OK, full disclosure: this is the venerable old Revell kit, which is marketed as the Massachusetts but is really closest to the Alabama. I chose to go in yet another direction and make it into a rough representation of the Indiana, BB 58. The kit can serve in a general way for any of those three ships; it would take a little more effort to turn it into the lead ship of the class, the South Dakota, since that ship mounted a reduced number of 5" DP weapons (8 double turrets vs. 10 on the later three ships.)
The Indiana wore four camouflage schemes in her career - a measure 12 or 15 scheme early in the war, followed by the two-tone measure 22. In 1943-44, alone among the South Dakota class, the Indiana adopted a complex measure 32 disruptive scheme. Following a collision with the USS Washington, the Indiana underwent extensive repairs and re-emerged from the yards once again in measure 22. It appears she finished the war in this scheme, as Squadron Signal's "US Battleships in Action Part 2" includes a picture of the Indiana in February 1946 pretty clearly in measure 22. That's the scheme I used - my idea is to show the Indiana after the war, before she went into mothballs.

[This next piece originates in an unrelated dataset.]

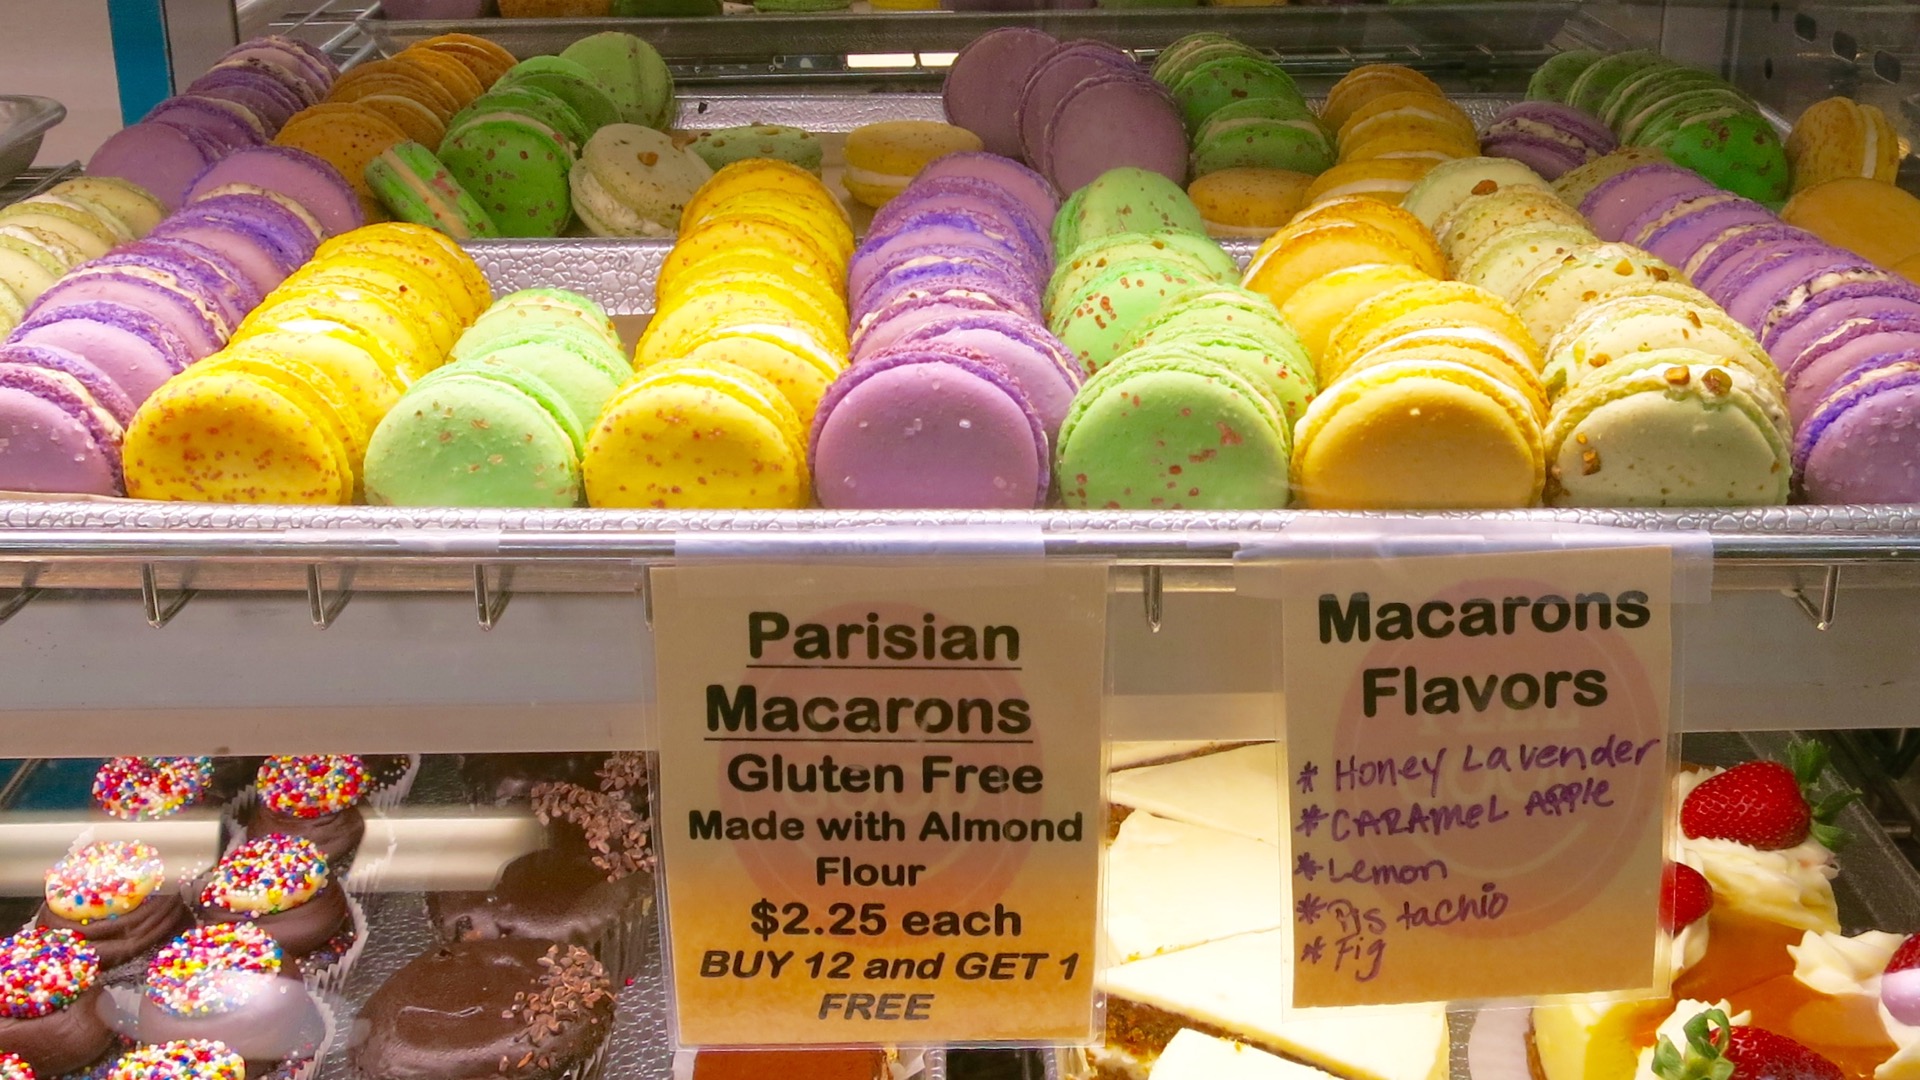 Feel Good Bakery touts the gluten-free ingredients of these almond flour-based desserts.

I did the decks in natural wood; I'm not a big fan of deck blue, as I find it is usually a little too effective as camouflage on a model and can obscure a lot of detail. Some other photos I've seen of the fast battleships after the war suggest that the blue may have been taken off the decks after V-J day and the pre-war natural wood allowed to re-emerge. In any case, that's the look I prefer.
I'm building a Hasegawa 1/700 South Dakota right now, and it's definitely a superior kit to the older Revell offering. But the old kits are fun - this is one I remember building as a kid.